=== Begin Enclosure ===

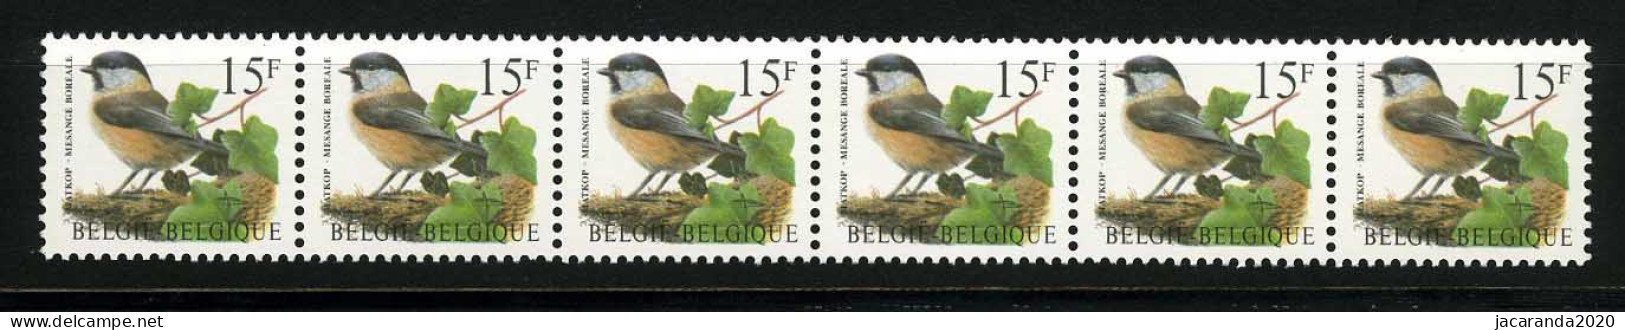 België R81a - Vogels - Oiseaux - Buzin (2732) - Strook Van 6 ZONDER NUMMER - SANS NUMERO - ZELDZAAM - RARE - LUXE - Rollen
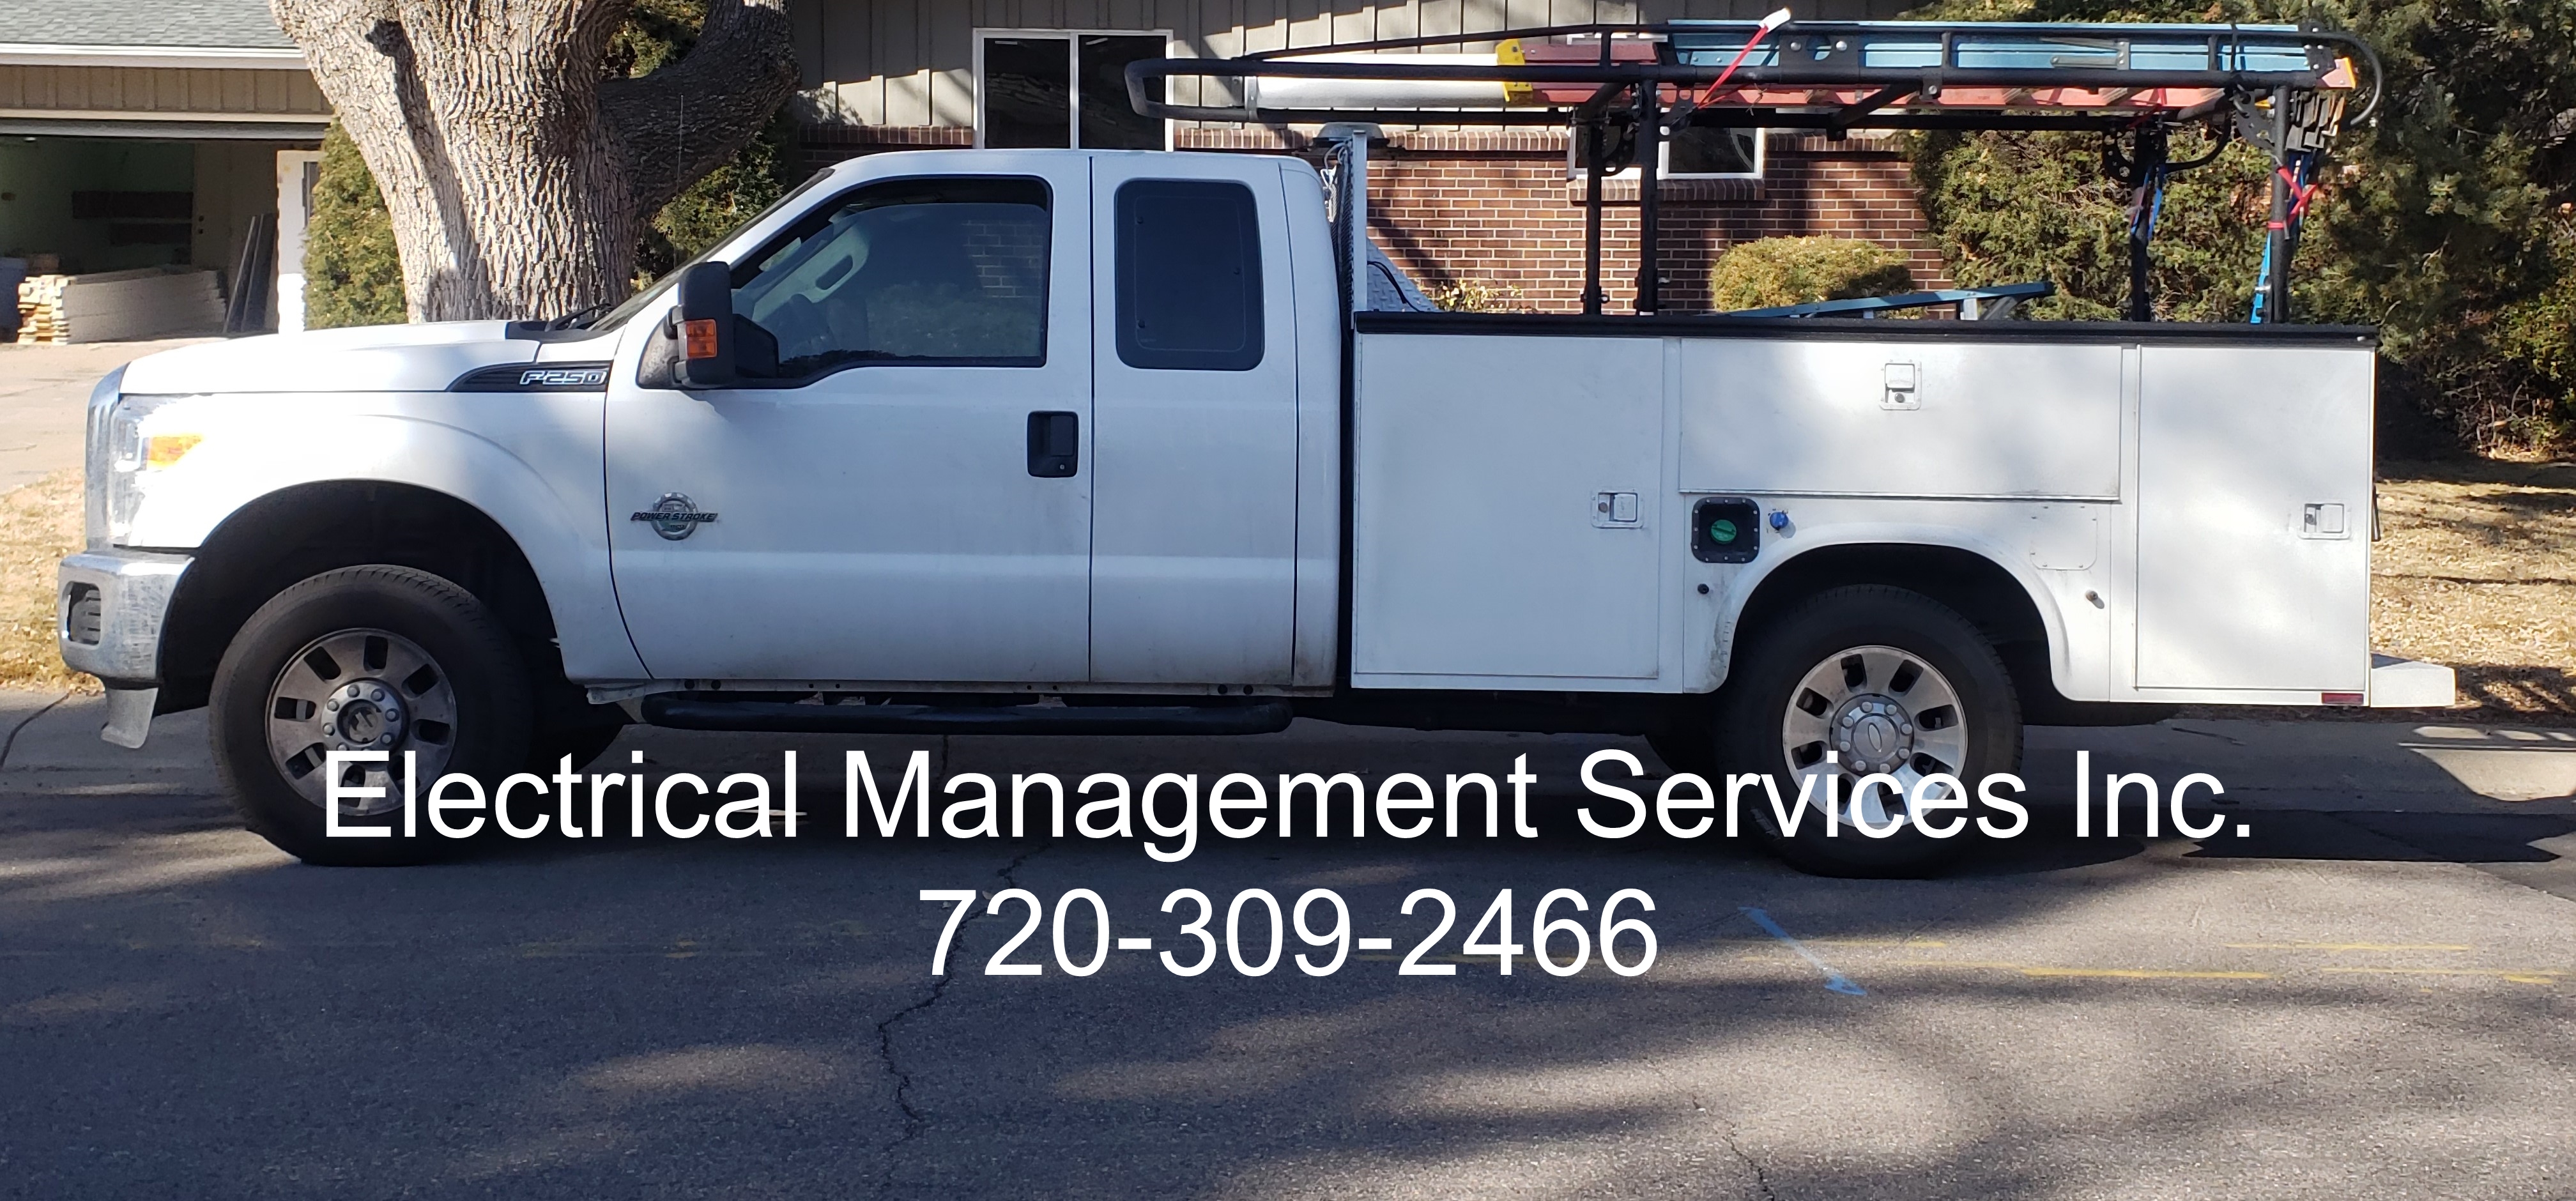 Electrical Management Services, Inc. Logo
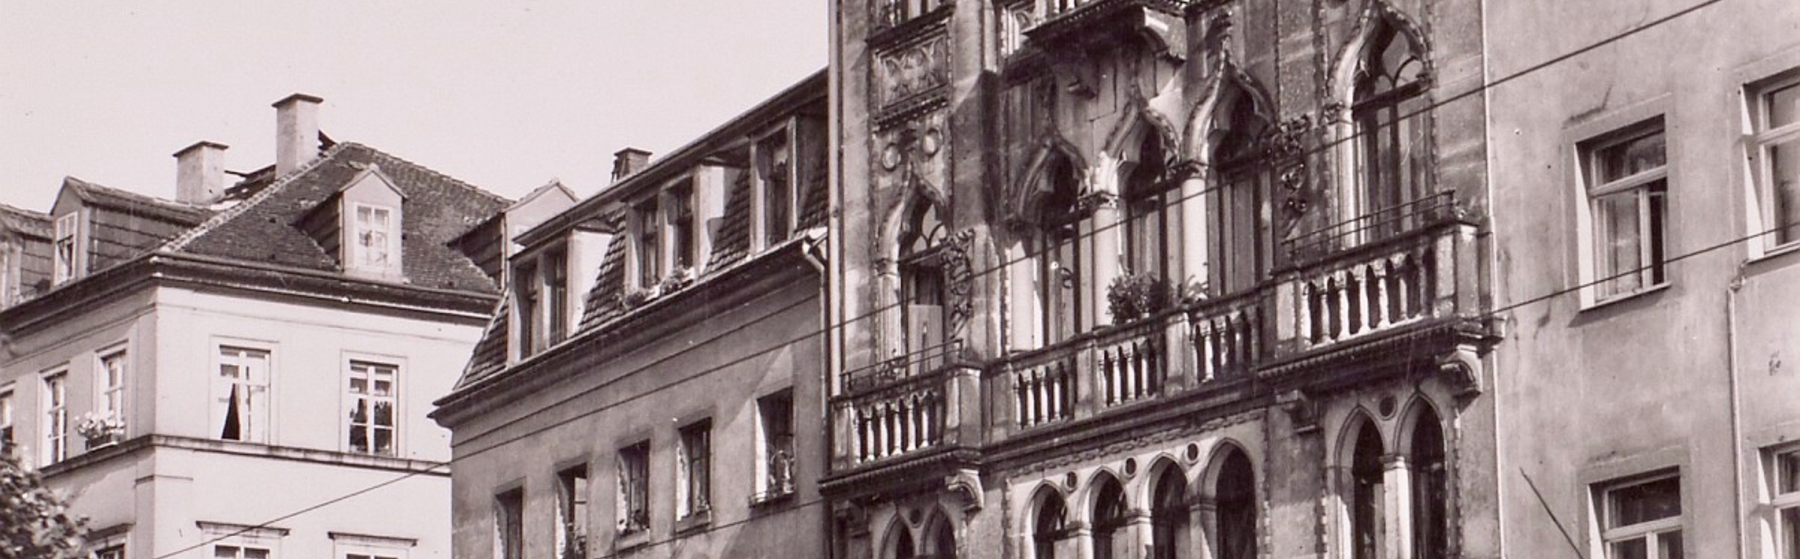 Venezianisches Haus

=== End Enclosure ===

__WHAT TO WORK ON__: Nothing but the pictures may be dropped as you repeat the listing above exactly.

__PROBLEM SOLUTION__:
 België R81a - Vogels - Oiseaux - Buzin (2732) - Strook Van 6 ZONDER NUMMER - SANS NUMERO - ZELDZAAM - RARE - LUXE - Rollen
 Electrical Management Services, Inc. Logo
 Venezianisches Haus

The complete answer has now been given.